Funnily enough the Linux Kernel still use patches (and of course Git has helpers to create and import patches)
maybe merging patch files was a thing way before git?
As a comparison, CVS is from 1990, SVN from 2000 (and RCS from 82)
> this manual process was largely automated
Priceless.
Windows is like real life archeology. You can dig up the UI of ancient generations of humans before you underneath the modern facade.
Really wish someone would just take the win95 UI code and tell an LLM to make it work on the win11 74 bit kernel
You still can. Run any program in compatibility mode; the Windows 2000 boxy UI is still there. As is the Windows Vista Aero Basic theme.
Like I always say, the user-mode of Windows is easiest to change, that's why it has been done almost every version.
Yes, that would be glorious. Could be the XP UI too… have some more flexibility around themes.
Did you try it?
I can't immediately see why explorer.exe wouldn't run and give you a start menu
> and tell an LLM to make it work on the win11 74 bit kernel
It won't compile.
Probably the 10 extra bits.
The extra 84 win have to go somewhere
Only two more to go for the LLM to hallucinate x64-86 into existence.

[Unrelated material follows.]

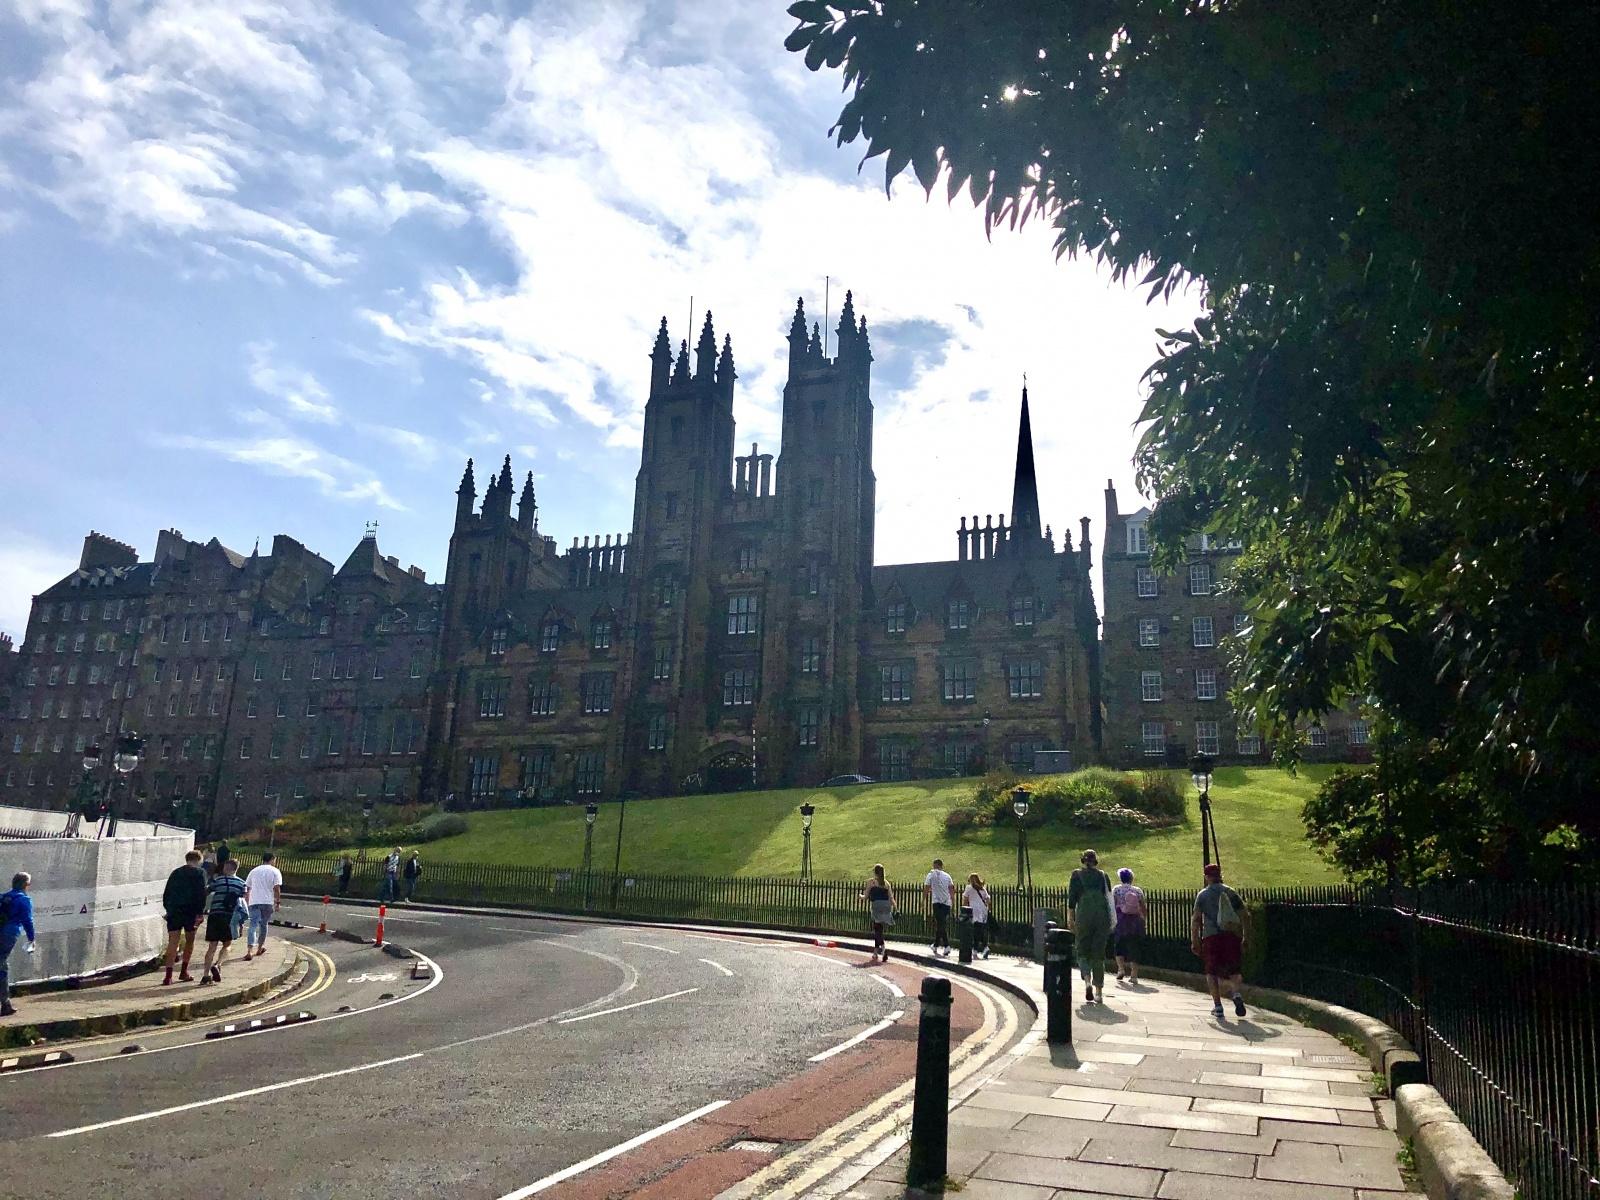 New College, The University of Edinburgh

11 more and it will run on win95 again.
Extant versions of the work-in-progress Shell Technology Preview “NewShell” on NT 3.51, with screenshots: https://betawiki.net/wiki/Shell_Technology_Preview
I prefer to believe they just merged the two branches in SourceSafe.
Did SourceSafe even have a proper merge?
Microsoft never used SourceSafe for anything important internally.
Hmm. Not sure I agree. The initial CLR for .net was in vss. Maybe it wasn’t important, but bonus points if you know why.
No definitely not true. It was in Source Depot if not SLM.
Personally, I enjoyed MS source safe and exclusive file locking.
Perforce also did exclusive file locking (and I believe Microsoft ended up using a customized Perforce internally at some point).
I loved SourceSafe for the disappearing files, and the usual "John locked the file and he went on holidays."